Calcium channel blocker and sympathetic activity.   The reflex increase in sympathetic activity induced by short-acting dihydropyridine calcium channel blockers has been demonstrated (16). This increase is considered to be one of the major adverse factors of cardiovascular diseases (40). However, it remains unknown whether this reflex increase is associated with the short-term and with the rapid action of dihydropyridine calcium channel blockers. Frohlich et al. (16) demonstrated that long-acting nifedipine does not increase plasma norepinephrine concentration but that short-acting nifedipine does. They suggested that the duration as well as the strength of the action of antihypertensive drugs may affect the sympathetic nervous system. However, recent studies demonstrated that long-acting dihydropyridine calcium channel blockers, such as amlodipine and felodipine, could activate the sympathetic nervous system (41,42). In contrast, we demonstrated that nitrendipine (5 to 10 mg) did not change the cardiac MIBG kinetics and plasma norepinephrine concentration despite lowering systemic blood pressure to a degree similar to that produced by enalapril; this suggests that nitrendipine did not influence the cardiac sympathetic nervous system and did not induce an increase in plasma norepinephrine concentration, probably resulting from baroreceptor-mediated activation of the sympathetic nervous system. Thus, nitrendipine did not affect the sympathetic nervous system, although sympathetic activation may depend on used dosages of the drug.

Clinical implications.   Among patients with heart diseases, those with sympathetic activation have a high mortality rate (19). Therefore, modulation of the cardiac sympathetic nervous system by medication is worth considering as a treatment for such patients. Because decreased MIBG uptake and increased MIBG washout are shown to be associated with unfavorable prognosis (20), we expect that enalapril could improve the prognosis in such patients. In fact, enalapril has been shown to have beneficial effects on the prognosis of patients with heart failure (10,11) whose reported MIBG findings (20,26) were similar to those of patients with essential hypertension in this study. Nitrendipine, on the other hand, does not seem to affect the cardiac sympathetic nervous system. Regarding the question of whether this feature offers an advantage to patients receiving long-term treatment with nitrendipine, a recent study—the Systolic Hypertension in Europe (SYST-EUR) Trial (17)—demonstrated that active treatment with nitrendipine for elderly patients with isolated systolic hypertension decreased all fatal and nonfatal cardiac events significantly, although the effect on cardiovascular mortality did not reach statistical significance. Therefore, nitrendipine could improve cardiovascular mortality and morbidity in hypertensive patients. Further investigations are needed to examine whether nitrendipine is more beneficial to patients with essential hypertension and/or other cardiovascular diseases than ACE inhibitors or beta blockers.

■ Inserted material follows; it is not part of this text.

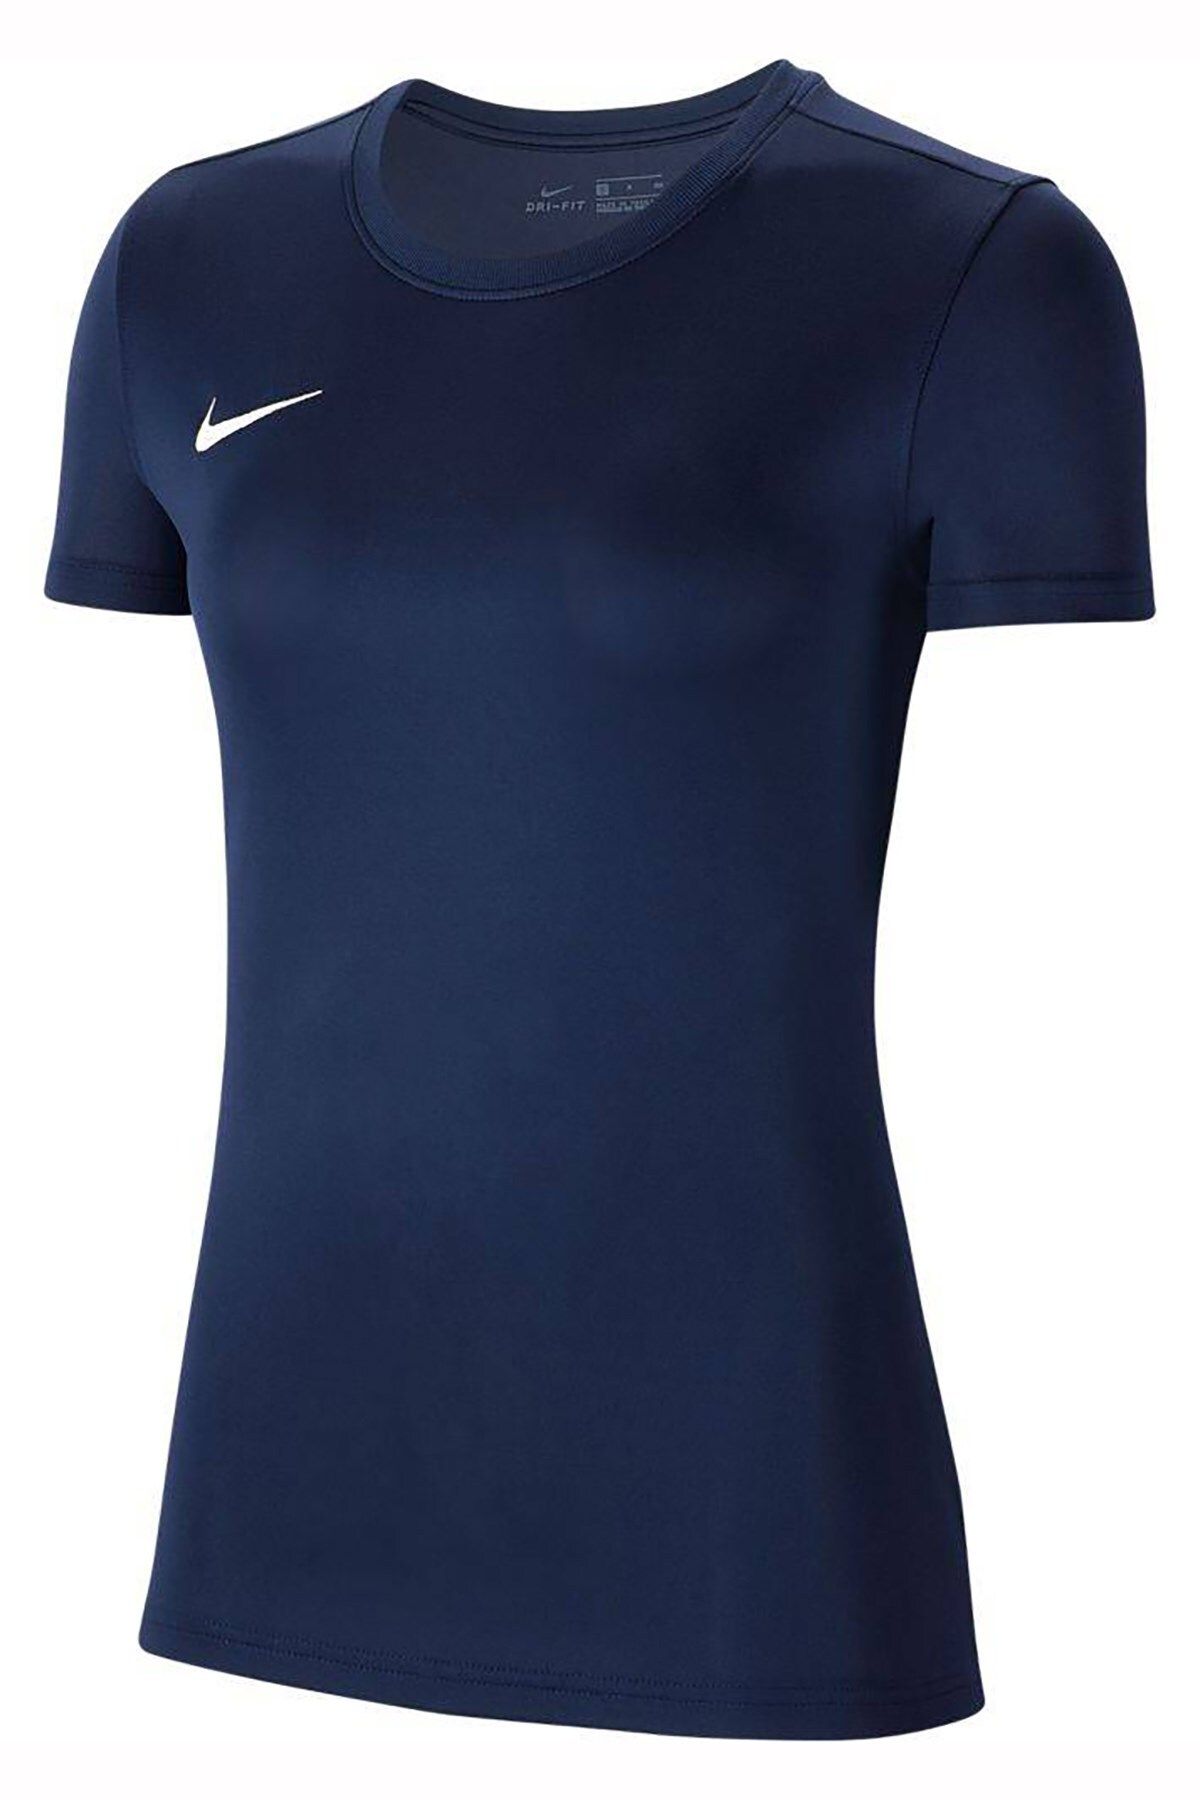 Nike Dry Park Vıı Kadın Tişörtü Bv6728-410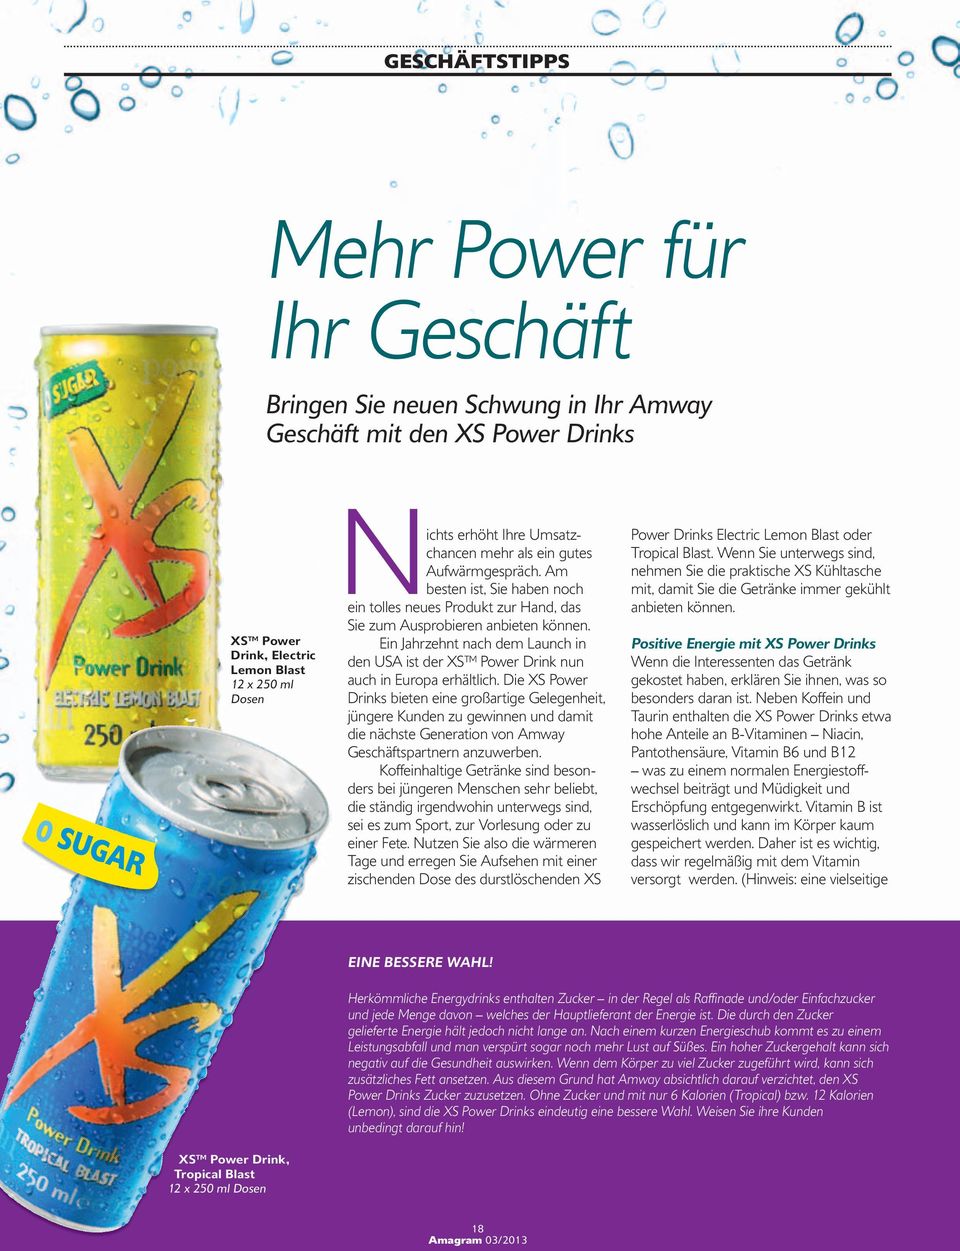 Ein Jahrzehnt nach dem Launch in den USA ist der XS Power Drink nun auch in Europa erhältlich.

We were able to assess the effects of antihypertensive drugs on the cardiac sympathetic nervous system with MIBG findings. In addition, because increased cardiac sympathetic nervous activity is associated with poor prognosis in heart disease and we have found that degrees of MIBG uptake and washout are different at each clinical stage of essential hypertension (43), MIBG findings in essential hypertension have implications with regard to clinical information about each patient’s condition and a risk for developing cardiovascular complications.

Conclusions.   In essential hypertension, enalapril improved MIBG kinetics, whereas nitrendipine had no effect on MIBG kinetics, although these drugs did not affect plasma norepinephrine concentration. These results suggest that enalapril could suppress cardiac sympathetic activity, but nitrendipine had no effect on it in essential hypertension. Consideration of the different effects of antihypertensive drugs on the cardiac sympathetic nervous system may be helpful in finding more effective and beneficial treatments for patients with cardiovascular disease.